NY Times -- August 24, 1997
POP VIEW / By TOM PIAZZA

Occasionally a single artifact, document or exhibition manages both to
recast the way in which artists see their tradition and to reanimate their
sense of what is possible within that tradition. Such cultural moments act
as prisms, gathering together work from different ends of a genre's
spectrum and allowing them to blend in a new way. 

One such document was Edmund Wilson's 1943 anthology "The Shock of
Recognition," which assembled two centuries of American writers talking
about one another's work. 

In the process, it illuminated the grand sweep and vigor of American
literature. 

Last week, Smithsonian Folkways records re-released another such document,
the "Anthology of American Folk Music," originally issued by Folkways
Records in 1952. The brainchild of the avant-garde filmmaker, folklorist
and anthropologist Harry Smith, the anthology comprised three boxed two-LP
sets that contained 84 performances recorded between 1926 and 1933.
Included were early black blues and white country music, Cajun recordings,
hymns and sacred music, and more, thrown together under a loose framework
that almost single-handedly redefined folk music. 

In doing so, the anthology became the single most important source of
material and inspiration for many young singers in the 1950's and 60's and
the touchstone of the early-60's "folk revival." Such performers as Bob
Dylan, Joan Baez, Phil Ochs and the New Lost City Ramblers, as well as
later offshoots like the Byrds, Bruce Springsteen and Jerry Garcia, owe not
just repertory and techniques but, in a real sense, a large portion of
their world view to the anthology's conflation of such seemingly different
traditions. 

The package appeared on the small but important Folkways label, run by
Moses Asch, who had recorded performers like Woody Guthrie, Leadbelly and
Pete Seeger, and thought of his label as a great aural museum. Before
issuing Harry Smith's Anthology, Folkways had released a series of
compilations of various ethnic musics as well as early jazz music. But
Smith's project was different. 

The anthology itself seemed to have a personality, much like that of its
compiler: erudite, hermetic, witty in a deadpan way. The cover of each
boxed volume was plain black cardboard, with the selections and performers
listed plainly on a label affixed to the front. Volume 1 contained ballads
(songs with a narrative content), Volume 2 was titled Social Music (dance
music and religious music) and Volume 3 was a catchall called Songs,
offering vocal selections with no real narrative aspect. 
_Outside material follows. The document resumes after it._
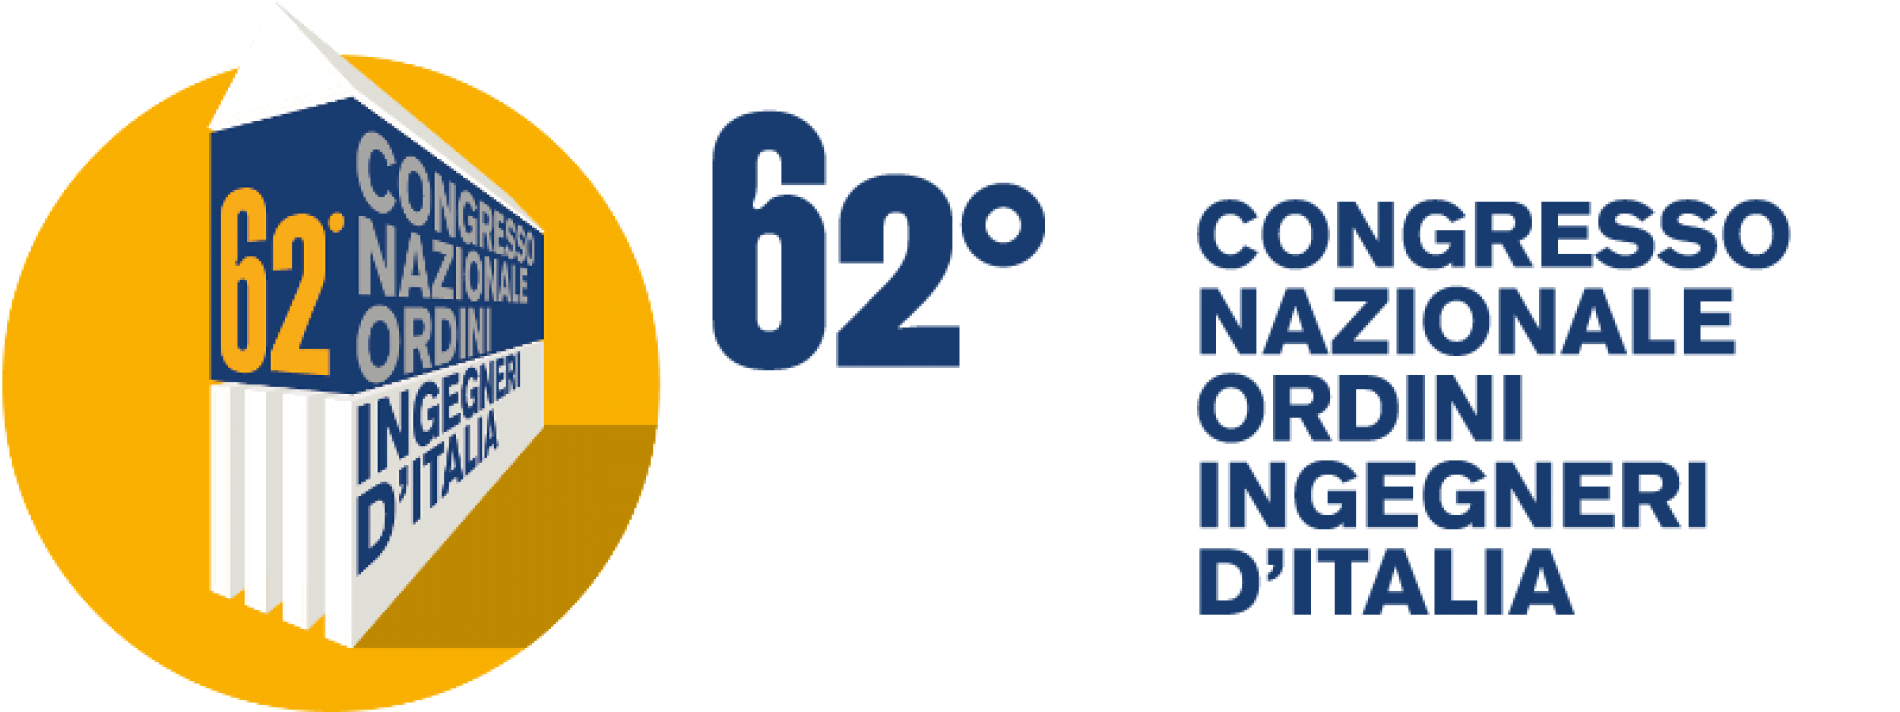 62° Congresso Nazionale degli Ordini degli Ingegneri d’Italia
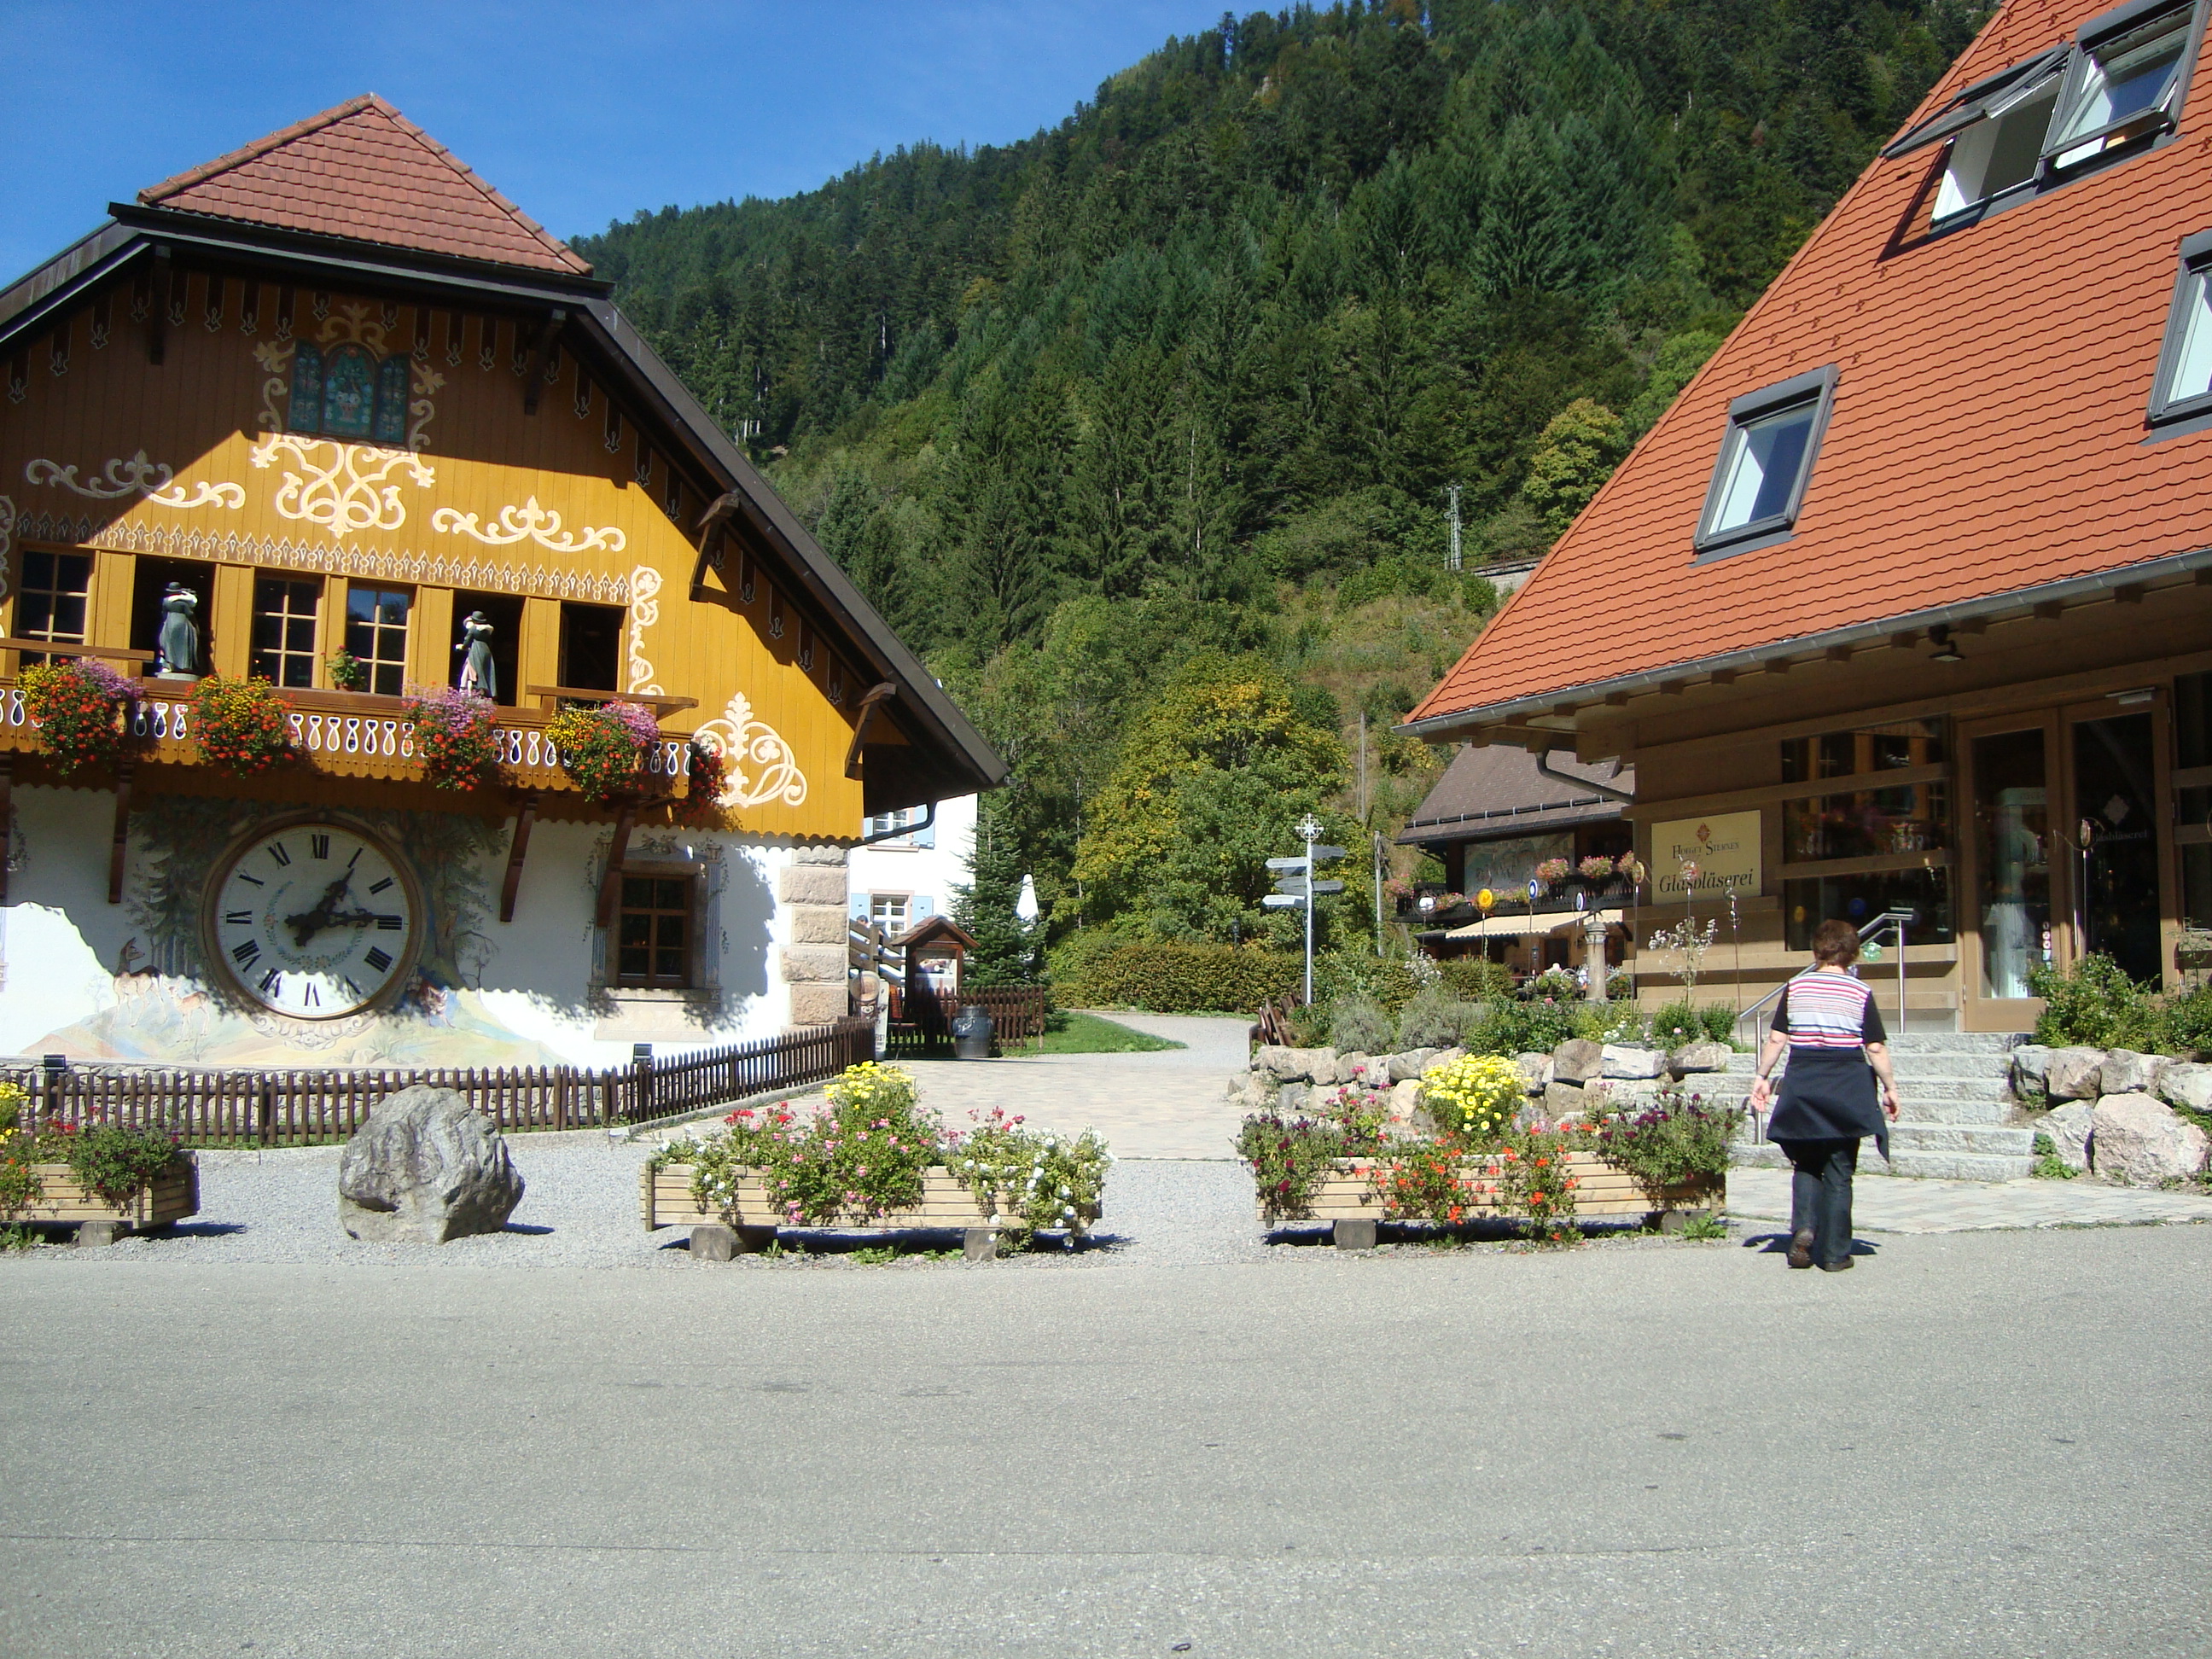 Rechts Hotel mit Restaurant und links ein Gästehaus

(The six-disk reissue wisely follows the exact format and sequence of the
original.) 

Each box contained a copy of a booklet written, designed and laid out by
Smith himself, an idiosyncratic compendium of discographical information,
bibliographical references and summaries of the songs, all set in various
type fonts and illustrated with photographs, advertisements from old record
catalogues and other ephemera. 

The music itself on the anthology opens a door to a world that will be just
as strange to most listeners of today as it was in 1952, and perhaps more
so. The lyrics offer a panorama of murders, religious visions, hangings,
agrarian complaints, heroic exploits, swindles, assassinations and endless
traveling. The extraordinary range of vocal sounds in which these marvels
are expressed is no less wondrous. The nasal timbre of the coal miner and
banjoist Dock Boggs on his two 1927 recordings included here, or the
rasping throat tones of the religious street singer Blind Willie Johnson,
so different from each other, both still carry the power to shock 70 years
after they were recorded. 

The vitality and variety of the music are staggering, from the country
singer Uncle Dave Macon's hollering, headlong vocal and banjo on "Down the
Old Plank Road" to the inwardness of the New Orleans songster Rabbit Brown
on his "James Alley Blues" to the pinched, wry, tall-tale quality of Kelly
Harrell's small 1927 masterpiece "My Name Is John Johanna," a song about a
laborer's disastrous trip to Arkansas in search of work. Several pieces,
like Buell Kazee's "East Virginia," have the odd-sounding modal harmonic
quality of English ballads; elsewhere one finds Anglo-Irish fiddle tunes,
Cajun dance music from Louisiana and collective ensemble gospel singing by
black and white groups that rivet you to your spot by their intensity and
commitment. Many of the performers remain obscure even to this day. ÊÊ ÊÊ 

he performances were originally recorded commercially by
companies that were trying to compete with radio in the 1920's by finding
new markets among the people of the rural South. The 78 rpm records were
often designated as "hillbilly" or "old time" (euphemisms for rural white)
and "race" (euphemism for black). What Harry Smith did that was new was to
throw these recordings together, with no regard for the commercial
categories for which they had initially been recorded. 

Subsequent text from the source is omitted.